Feriez-vous quelque chose différemment aujourd’hui ?

Non. Notre manifestation était une réaction spontanée. Nous n’attendions d’ailleurs aucun résultat concret de notre protestation, aucune retombée sur l’occupation de la Tchécoslovaquie. Nous ne nous attendions pas davantage à qu’elle ait une quelconque résonance dans la société. Simplement, nous ne pouvions pas agir autrement. C’était une question de conscience.

La réaction du régime soviétique, elle, a été très dure à votre égard et à celui des sept autres manifestants. Les miliciens vous ont roué de coups sur la Place rouge même. Vous avez ensuite été placés dans des conditions atroces dans des asiles d’aliénés, envoyés dans des camps de travail, condamnés à l’exil…
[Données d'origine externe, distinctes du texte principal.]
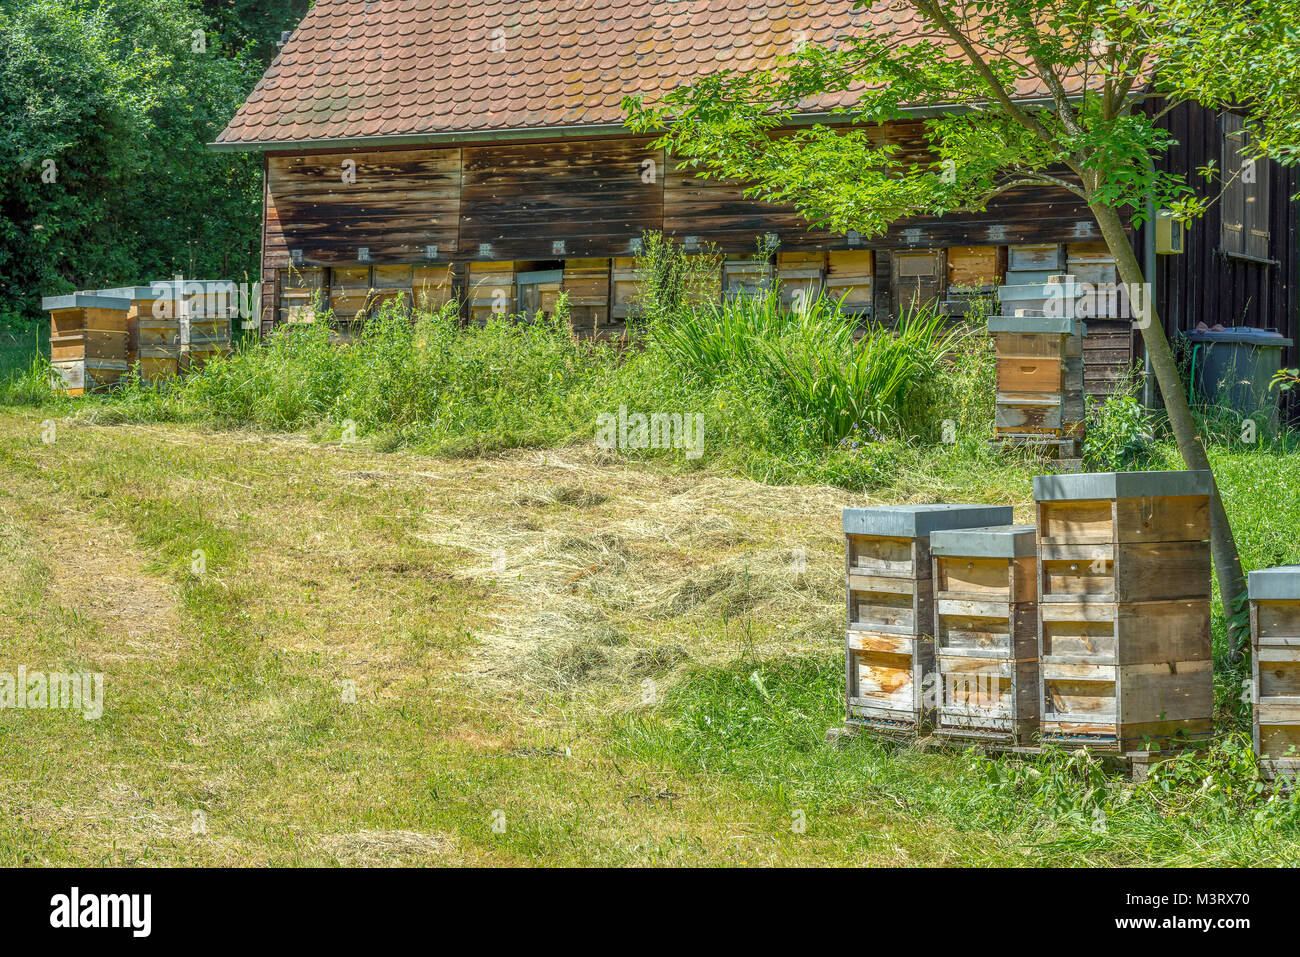 Beeyard avec beaucoup de ruchers à l'heure d'été Banque D'Images

Comme je l’ai dit, nous nous attentions à tout cela et y étions préparés. La liberté de parole est ce que tout régime totalitaire, soviétique ou autre, redoute le plus. L’URSS n’a quand même pas envahi la petite Tchécoslovaquie il y a cinquante ans de cela parce que celle-ci la menaçait militairement, mais parce qu’elle proposait alors un modèle selon lequel il était possible de vivre et de développer un pays sans tenir compte de toutes les théories communistes. Un système dans lequel était possible de vivre librement et de s’orienter vers le capitalisme démocratique. Même le président Poutine reconnaît – bien qu’il apprécie l’exercice autoritaire du pouvoir – que le capitalisme est préférable à un régime semblable à celui qui régnait en URSS. Il ne rejette pas non plus les principes de liberté et de droits de l’homme. L’autre question est de savoir s’il les respecte. La réponse est non, bien évidemment.

Vous considériez donc le Printemps de Prague comme un exemple possible pour le développement de l’URSS ?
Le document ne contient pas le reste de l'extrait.